How many times is the for loop in function comp executed? Is it more
than 6 (the number of characters in each string being compared)? What
are the values of s and t (or what do they point to) on the 7th
iteration of the loop (hint: on the sixth iteration each points to a
'\0')? Do you know what the technical term for this condition is
called (hint: look up undefined behavior)?
Remove del for email

"Default User" <de***********@yahoo.comwrote in message
news:59*************@mid.individual.net...

user34 wrote:

>I did not retype the code !
Here it is once again (without any of the above suggested
improvements)and it still shows me the same error!

#include<stdio.h>

int comp(char *s,char *t)
{
for(;*s==*t;s++,t++);

^
That semicolon doesn't belong.

What semicolon? That is a comma.
--
Fred L. Kleinschmidt

user34 wrote:

Hi all. I am trying to learn C.As a simple exercise i tried to write a
code which would compare two strings using pointers.
However i am not getting the correct result.
On tracing the program i noticed that the strings "s" and "t" get
modified somehow in the comp function and as a result i am getting
incorrect results.
Can anyone please point out the error?

....Code snipped....

Thank you all for your help.I have tried to modify the code and here it
is .This does show me the correct output but are there any bugs still
lurking around which can cause it to fail?

#include <stdio.h>

int comp(const char *s,const char *t)
{
for( ; *s==*t ; s++,t++)
{
if(*s=='\0' || *t=='\0')
break;
}
if(*s=='\0')
return 0;
else
return 1;
}

int main(void)
{
char str[]="Hello";
char str2[]="Hello";

if(comp(str,str2))
printf("strings are different");
else
printf("strings are same");
return 0;
}

Fred Kleinschmidt said:

>
"Default User" <de***********@yahoo.comwrote in message
news:59*************@mid.individual.net...

>user34 wrote:

>>I did not retype the code !
Here it is once again (without any of the above suggested
improvements)and it still shows me the same error!

#include<stdio.h>

int comp(char *s,char *t)
{
for(;*s==*t;s++,t++);

^
That semicolon doesn't belong.

What semicolon? That is a comma.

From here, it's whitespace. But in Default User's original reply, it was
a 't'.

Methinks Brian composes news articles using a proportional font.

--
Richard Heathfield
"Usenet is a strange place" - dmr 29/7/1999
http://www.cpax.org.uk
email: rjh at the above domain, - www.

Fred Kleinschmidt wrote:

>
"Default User" <de***********@yahoo.comwrote in message
news:59*************@mid.individual.net...

user34 wrote:

I did not retype the code !
Here it is once again (without any of the above suggested
improvements)and it still shows me the same error!
>
#include<stdio.h>
>
int comp(char *s,char *t)
{
for(;*s==*t;s++,t++);

^
That semicolon doesn't belong.

What semicolon? That is a comma.

You should use a non-proportional font for usenet. I could guess
(correctly) that you use Outlook Express.


Brian

Richard Heathfield wrote:

Fred Kleinschmidt said:

"Default User" <de***********@yahoo.comwrote in message
news:59*************@mid.individual.net...

user34 wrote:
>
>
I did not retype the code !
Here it is once again (without any of the above suggested
improvements)and it still shows me the same error!

#include<stdio.h>

int comp(char *s,char *t)
{
for(;*s==*t;s++,t++);
^
That semicolon doesn't belong.
>

What semicolon? That is a comma.

From here, it's whitespace. But in Default User's original reply, it
was a 't'.

Methinks Brian composes news articles using a proportional font.

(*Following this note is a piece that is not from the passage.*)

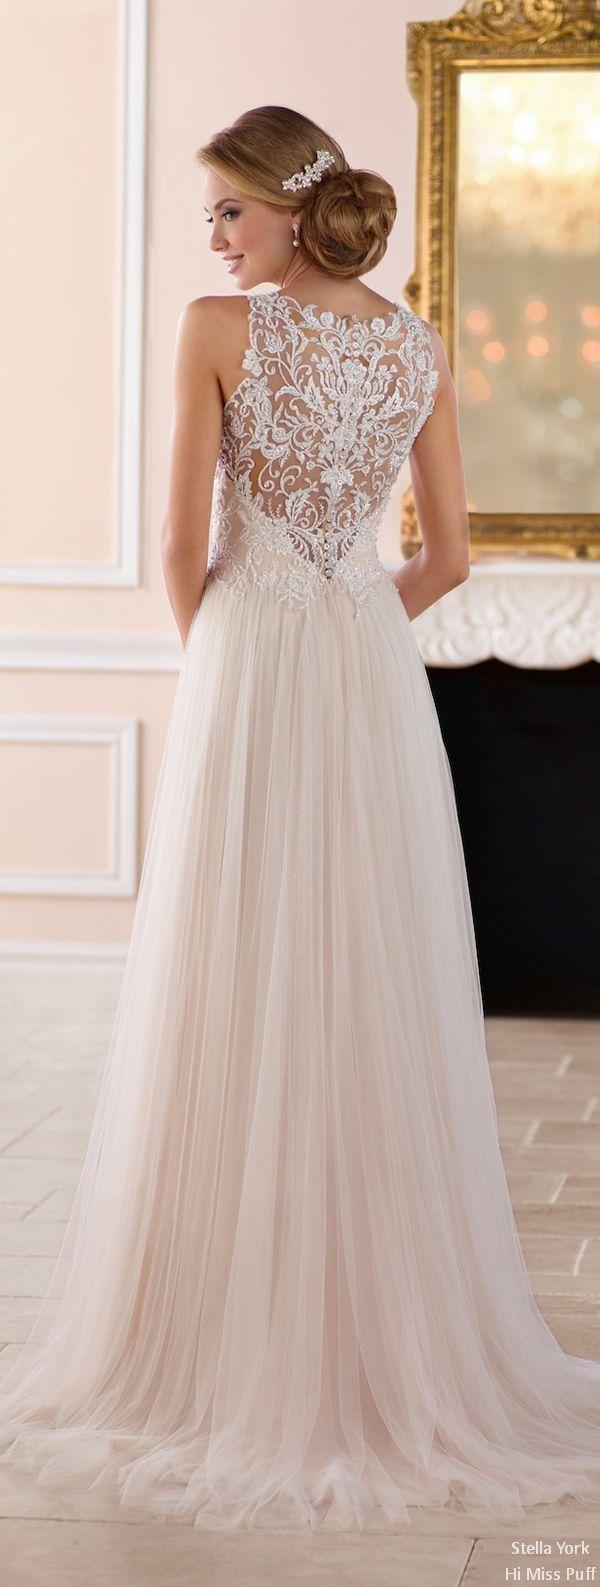 386631bc614b711362f86a9b85926773--elegant-wedding-dresses--wedding-dresses

No, I use a non-proportional font. My newsreader uses Courier New. My
reply to my original message did bump it over into whitespace, but that
seems to be an artifact of the quoting mechanism.

Brian

"user34" <us****@invalid.comwrote in message news:f1**********@aioe.org...

user34 wrote:

>Hi all. I am trying to learn C.As a simple exercise i tried to write a
code which would compare two strings using pointers.
However i am not getting the correct result.
On tracing the program i noticed that the strings "s" and "t" get
modified somehow in the comp function and as a result i am getting
incorrect results.
Can anyone please point out the error?

...Code snipped....

Thank you all for your help.I have tried to modify the code and here it is
.This does show me the correct output but are there any bugs still lurking
around which can cause it to fail?

#include <stdio.h>

int comp(const char *s,const char *t)
{
for( ; *s==*t ; s++,t++)
{
if(*s=='\0' || *t=='\0')
break;
}
if(*s=='\0')
return 0;
else
return 1;
}

What happens if string s is a proper prefix of string t?

--
Jonas

user34 wrote:

>

.... snip ...

>
Thank you all for your help.I have tried to modify the code and
here it is .This does show me the correct output but are there any
bugs still lurking around which can cause it to fail?

#include <stdio.h>

int comp(const char *s,const char *t)
{
for( ; *s==*t ; s++,t++)
{
if(*s=='\0' || *t=='\0')
break;
}
if(*s=='\0')
return 0;
else
return 1;
}

Try this:

int comp(const char *s, const char *t) {

while (*s && (*s == *t) s++, t++;
/* now either *s == 0 or *s != *t */
return *s == *t; /* 0 or 1 */
} /* untested */

and think about what my code actually does.

--
<http://www.cs.auckland.ac.nz/~pgut001/pubs/vista_cost.txt>
<http://www.securityfocus.com/columnists/423>
<http://www.aaxnet.com/editor/edit043.html>
<http://kadaitcha.cx/vista/dogsbreakfast/index.html>
cbfalconer at maineline dot net

--
Posted via a free Usenet account from http://www.teranews.com

Jonas wrote:

"user34" <us****@invalid.comwrote in message news:f1**********@aioe.org...

>user34 wrote:

What happens if string s is a proper prefix of string t?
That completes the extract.